En la antigua Roma existían distintos obstáculos para aprender a leer; uno de ellos era el tipo de escritura, que podía ser caligráfica, cursiva o semicursiva, y adornada con lazos que con frecuencia escondían la forma. Por otra parte, a partir del siglo I d. C se pone de moda la scripto continua, en detrimento de los llamados interpunta, puntos que separaban las palabras. Ahora había que ser ducho en la lectura para, por una parte, identificar las letras adornadas mientras que por otra adivinar dónde comenzaba o terminaba una palabra para captar la idea.

 El oído, y no la vista, era el gran protagonista que atrapaba el sentido de las expresiones. Los signos de puntuación estructuraban la cadencia del discurso: marcaban las pausas de la respiración  y condicionaban el ritmo.

 Un tema interesante a tener en cuenta es el de los “lanzamientos” de libros. Ya en aquel entonces estas presentaciones eran un acontecimiento público que incluía la lectura de fragmentos en alta voz. Sucedían en espacios públicos (theatra, stationes, auditoria) y la duración estaba determinada por el contenido del rollo.  Allí podía encontrarse lo mismo a individuos cultos interesados en el libro que personas a las que el evento no les interesaba en lo absoluto.     

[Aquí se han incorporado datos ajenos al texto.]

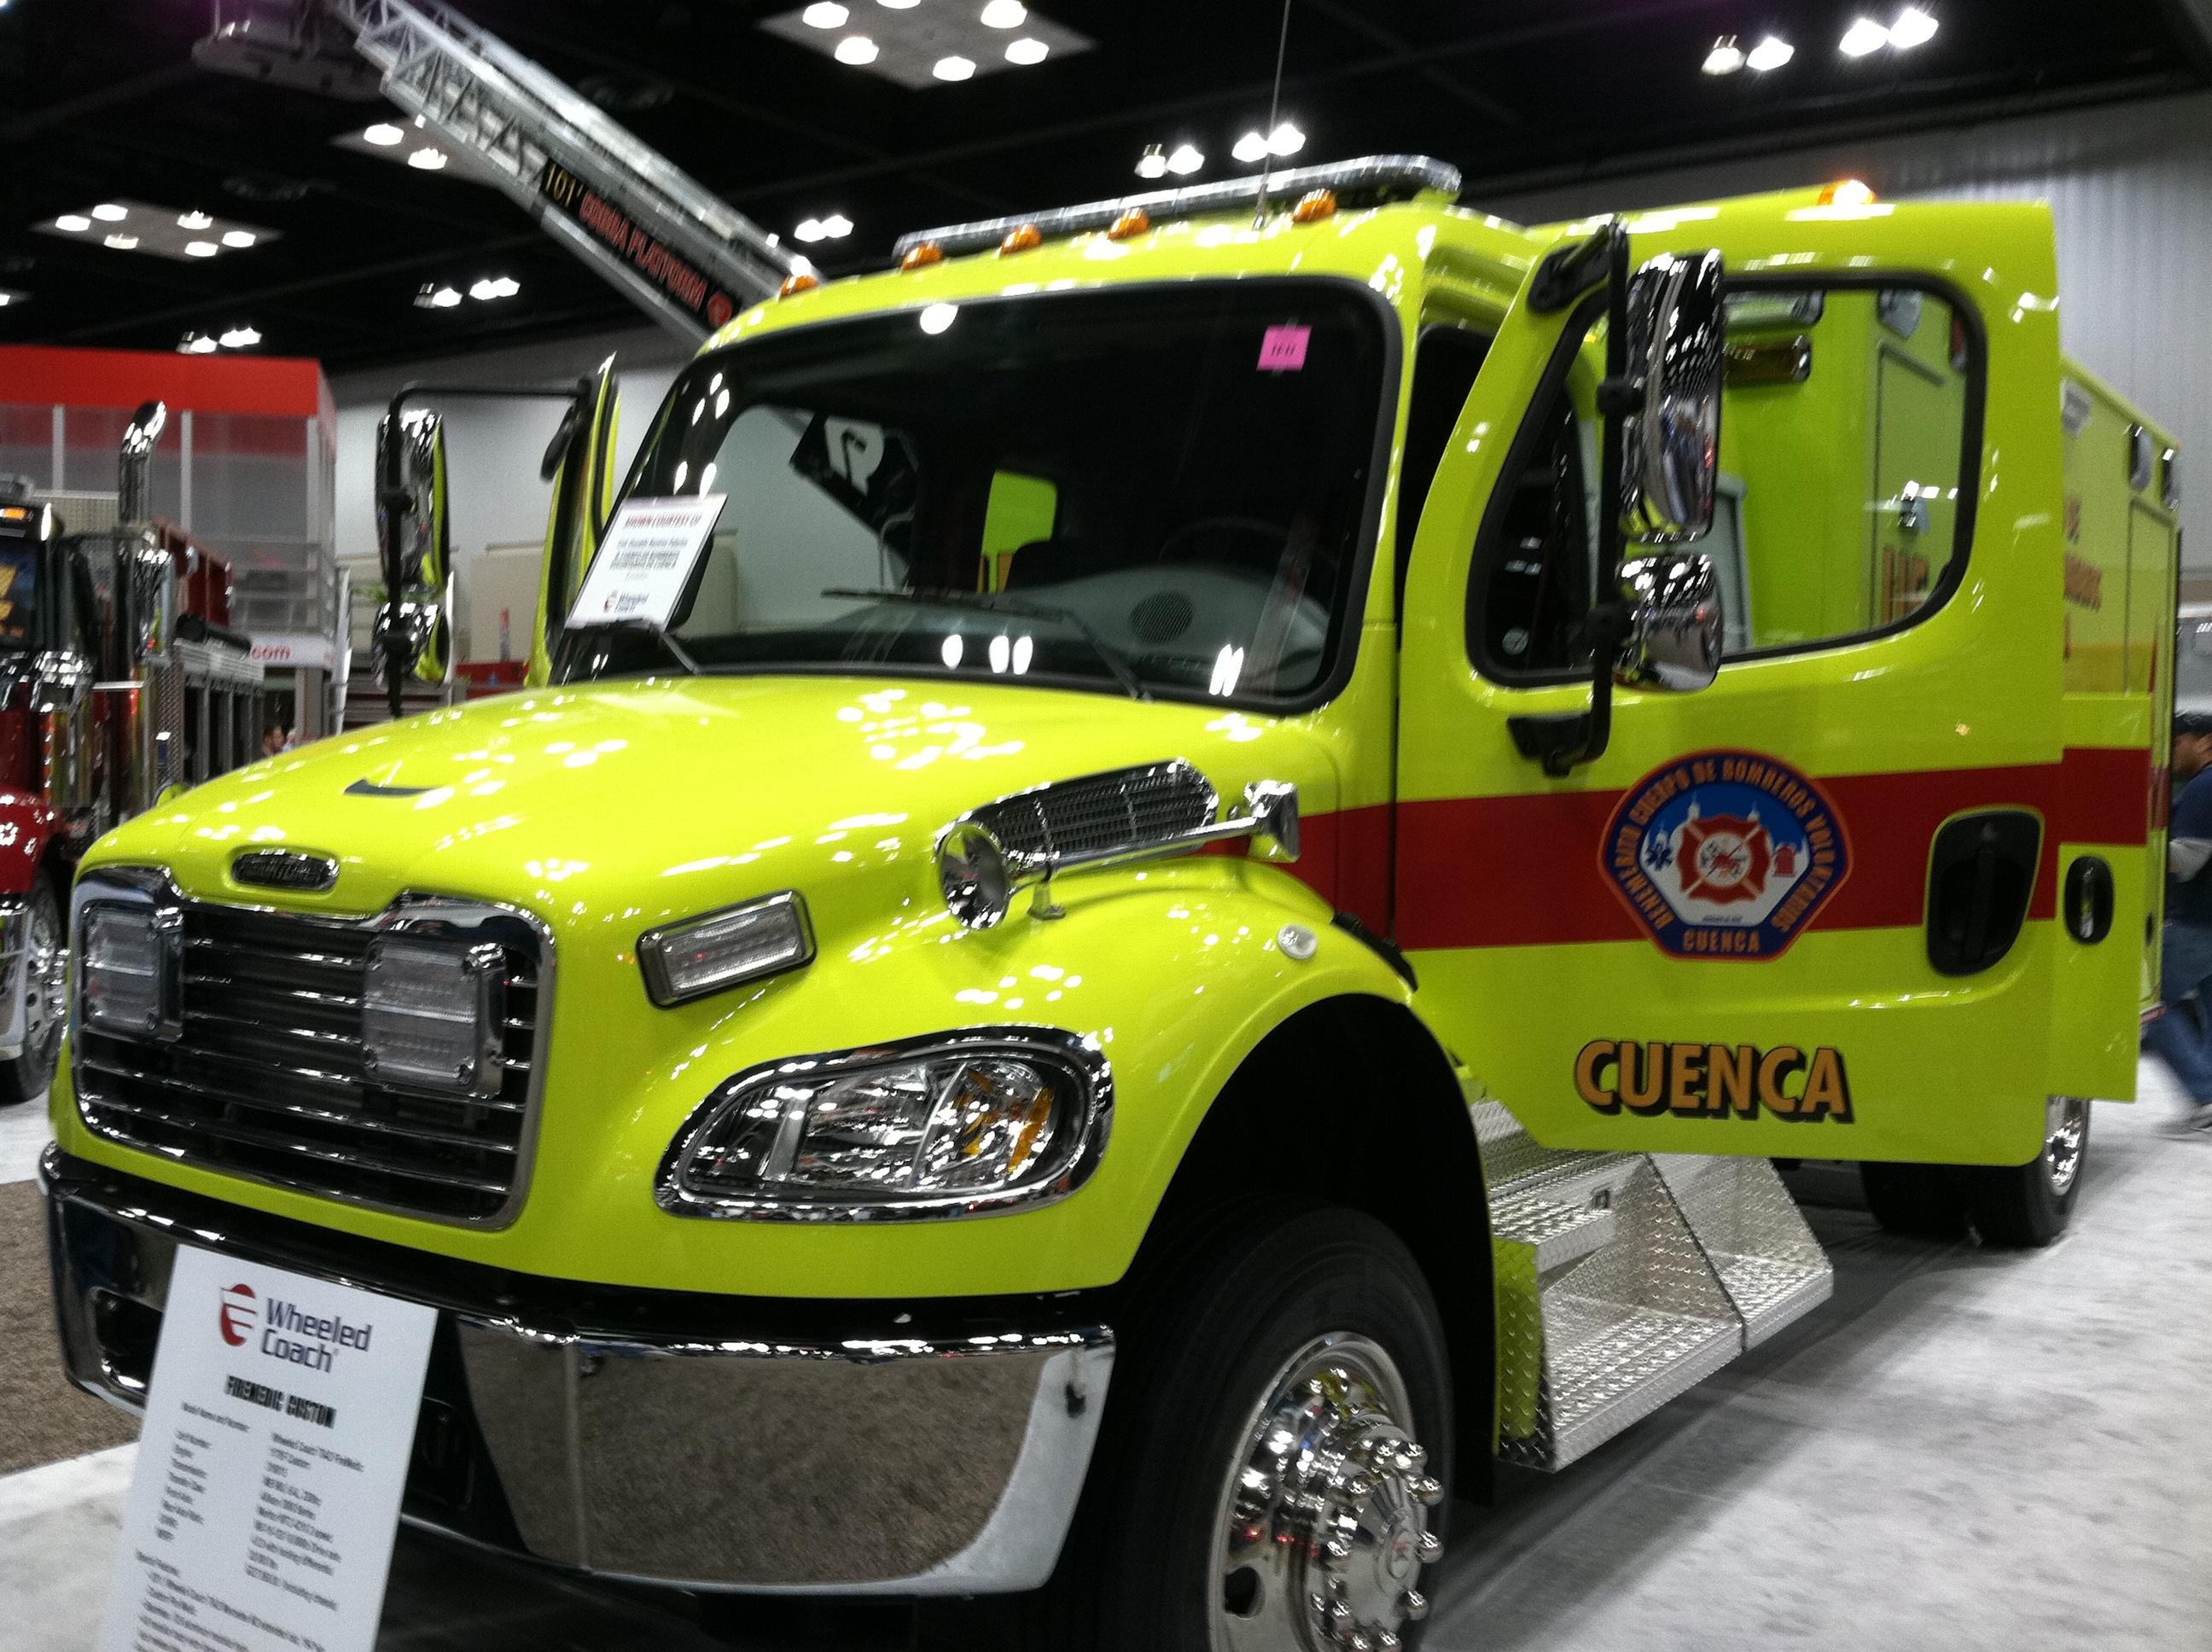 Ecuador Ambulance

 En los espacios privados coexistían tanto la modalidad de lectura íntima, como aquella para la cual se precisaba de un lector, generalmente un esclavo o  liberto. Los ciudadanos ricos solían tener un servicio de lectores, que leían en el marco de fiestas o actividades. También era usual valerse de lectores especializados cuando un autor quería que sus amigos escucharan fragmentos de alguna obra suya.

 No faltan ejemplos de la coexistencia entre la modalidad oral y la silenciosa, sobre todo cuando se trataba de mensajes, cartas o documentos, aunque también con textos literarios. Alberto Mangel nos recuerda en su hermoso libro Una Historia de la lectura, lo que constituye el primer testimonio claro de lectura silenciosa recogida en la literatura occidental.

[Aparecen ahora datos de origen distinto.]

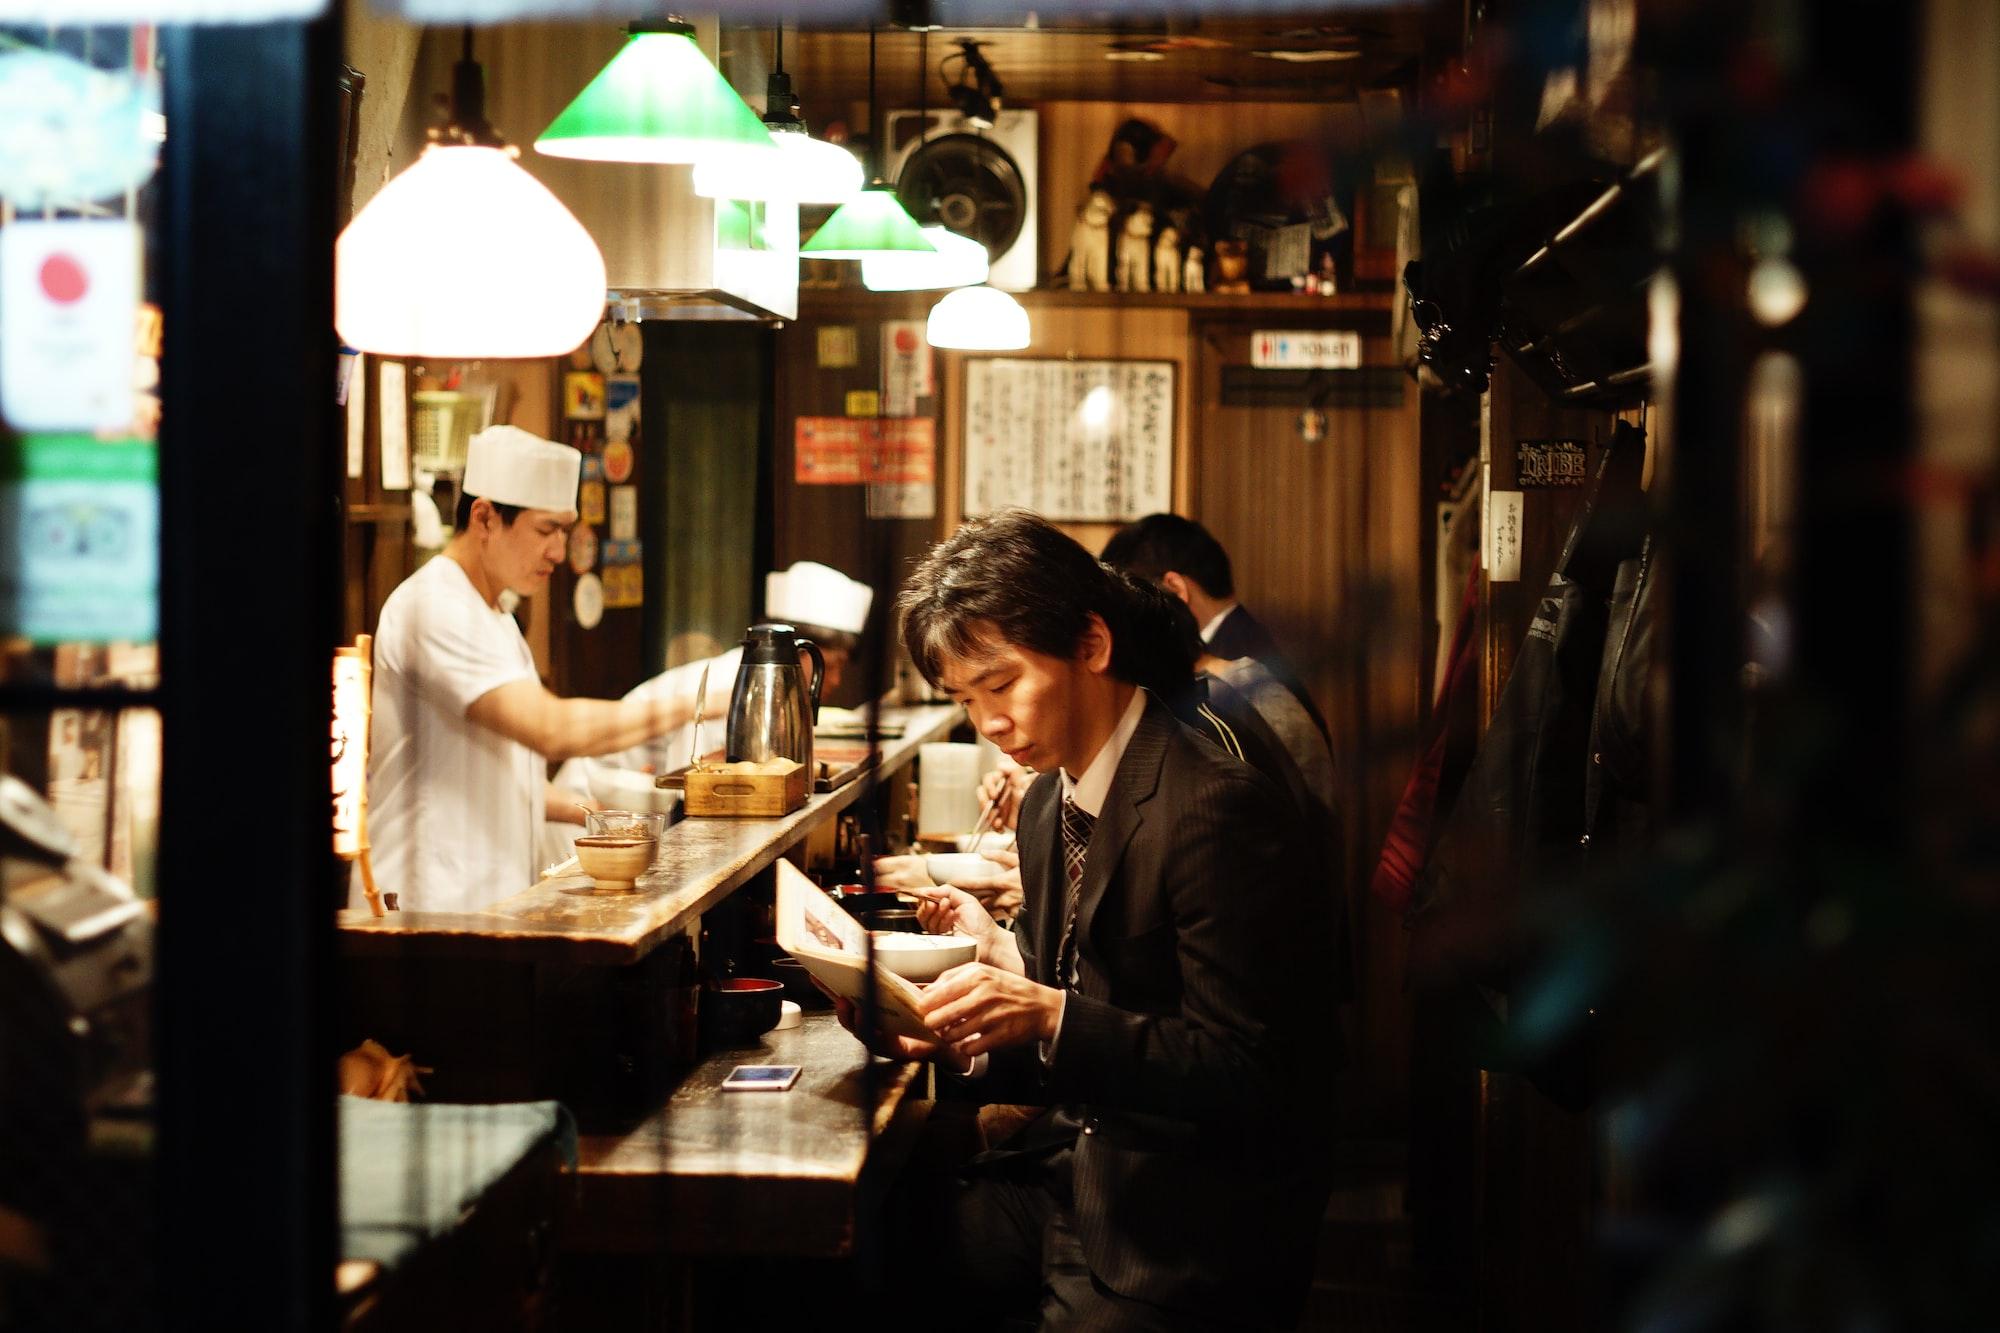 Dieta japonesa: Método, benefícios e cardápio

 Anota san Agustín en sus Confesiones que cuando san Ambrosio leía “sus ojos recorrían las páginas y su corazón penetraba el sentido; mas su voz y su lengua descansaban. Muchas veces, estando yo presente, pues el ingreso a nadie estaba vedado ni había costumbre en su casa de anunciar al visitante, así le vi leer en silencio, y jamás de otro modo”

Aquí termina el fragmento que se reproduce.